** To ALL survivors please read!!! This changed my life and I can’t help sharing because for years I never could understand why I didn’t ‘fight back’ or ‘run’… and I know those of you who have never (thankfully) suffered any form of abuse or sexual assault you have never understood why we didn’t either. Well, here is your answer! I re-read this and see “40 degree weather” and I’m imagine by the time this is published I will be sweating pounds off in our 100 degree Texas heat! Maybe if I just re-read this again I can feel the cool air… **
This morning I woke up on the wrong side of the bed. I met Stephanie for a scheduled 7 mile run in the 40 degree weather (which is unusual for Houston, TX right now!) and felt the claws of negativity and indifference grip me. But I did it anyway.
I arrived home at 6:20am and went straight to my little prayer corner:
It has been awhile since I’ve written in my journal. For me this is unusual as it is my way of communicating to God and also relinquishing worries and concerns. Lately it’s been something I’ve avoided. I couldn’t tell you why though I have many theories. Today I grabbed the journal and read the quote on the page:
“If you abide in Me, and My words abide in you, you will ask what you desire, and it shall be done for you.” John 15:7
Offering the verse as a prayer I wrote, “Lord I need you. It is not easy for me to journal lately but I know you are near. You have been so good to me and you are amazing. I need to figure out how to overcome what I’m going through and face the demons of my past so I can go forward and do the work you’ve called me to. Help me Lord. Amen”
At 7:00am I got out of the shower and for no reason that I can think of I checked my emails on my phone and saw the last one received was asking of a task I was supposed to have done but failed to do. Suddenly I was kicked into full gear. Though the day was proving to match the mood when I woke up I didn’t stress. Ten minutes later Ryan came to my bathroom door and said, “Mom, I need a Roman Soldier costume for stations tomorrow morning.” What?! Again, I let the few choice words I had on my tongue dissolve and kept moving forward. Get ready, was all I could think.
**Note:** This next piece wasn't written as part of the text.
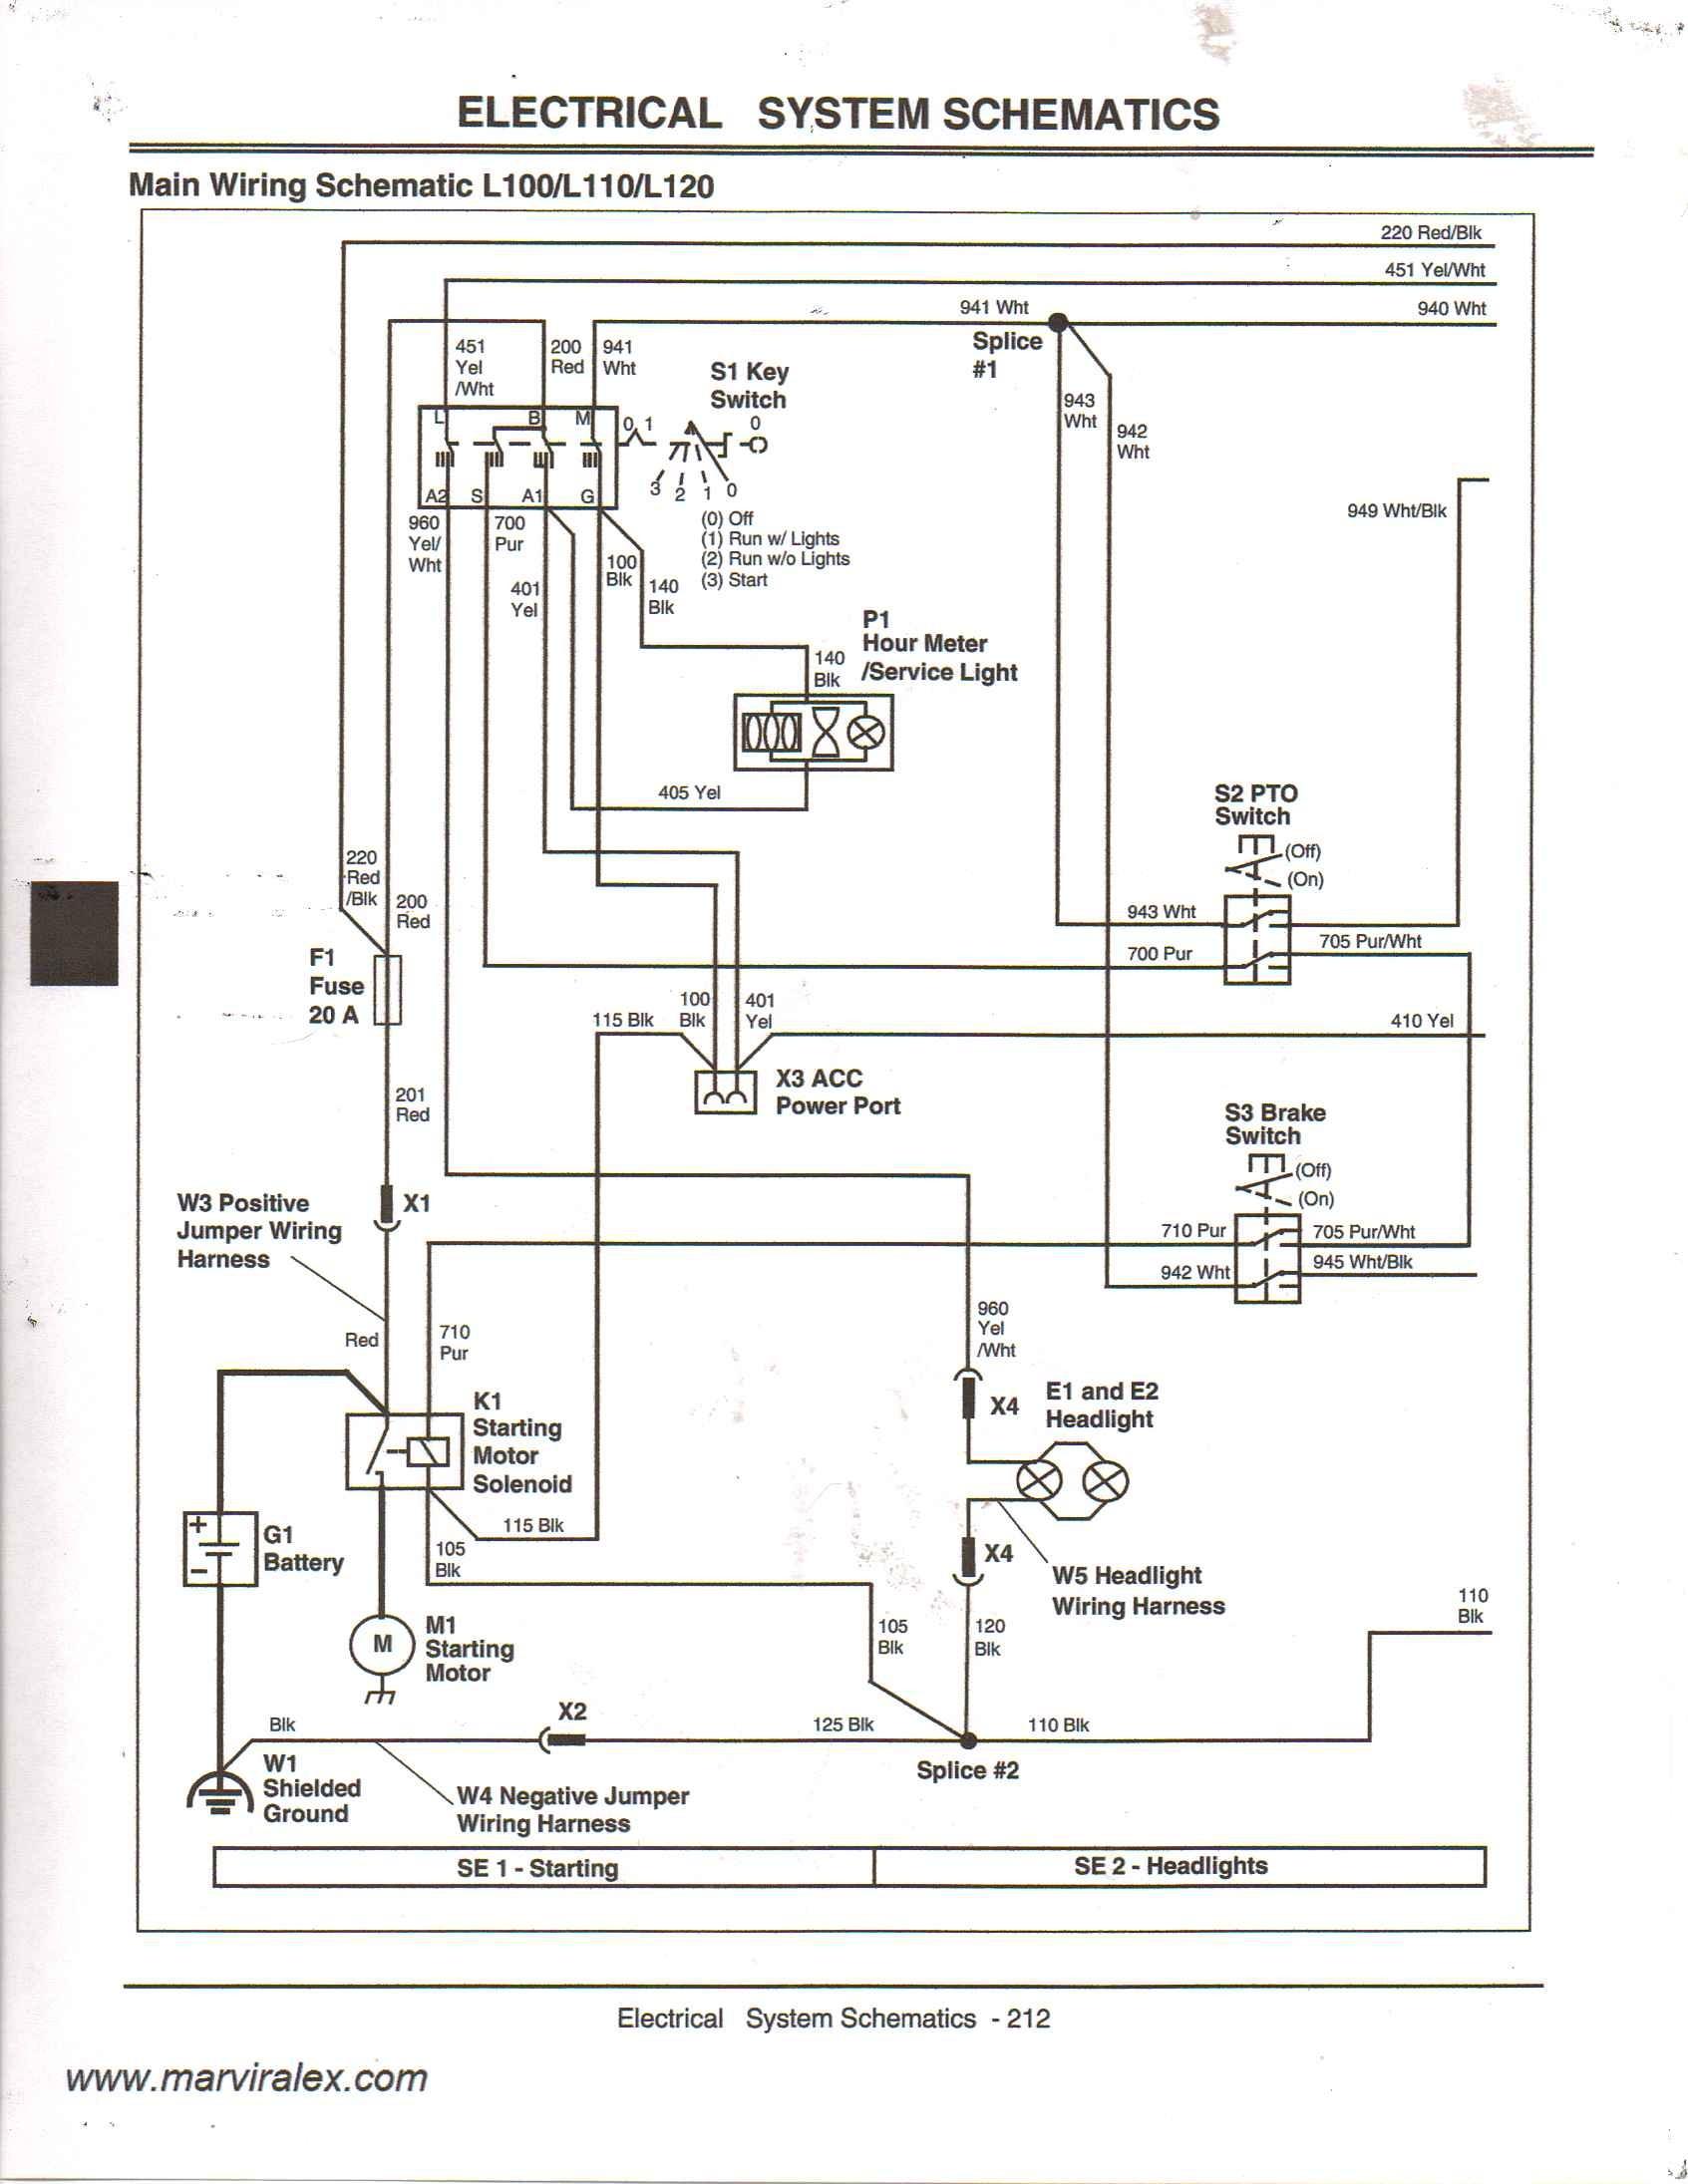 John Deere 318 Wiring Diagram Pdf Cb 4290] for John Deere 1050 Tractor Wiring Diagram Of John Deere 318 Wiring Diagram Pdf 56d25 John Deere 655 Wiring Diagram

By 8am I was successfully completing the task I failed to do a few days before, and at 10am when in my bible study and I mentioned the Roman costume dilemma one of the ladies looked at me and said, “Oh, I have one!” Thank you God!
At 11am I delivered the teaching on Genesis 41 & 42 and then rushed out after to attend the “Not Making Sense is Traumatic” Neurobiology of Trauma mini-seminar hosted by the Houston Police Department. My friend who leads the Mission at Serenity Ranch (a safe house for survivors of human trafficking) told me about the training and I signed up immediately.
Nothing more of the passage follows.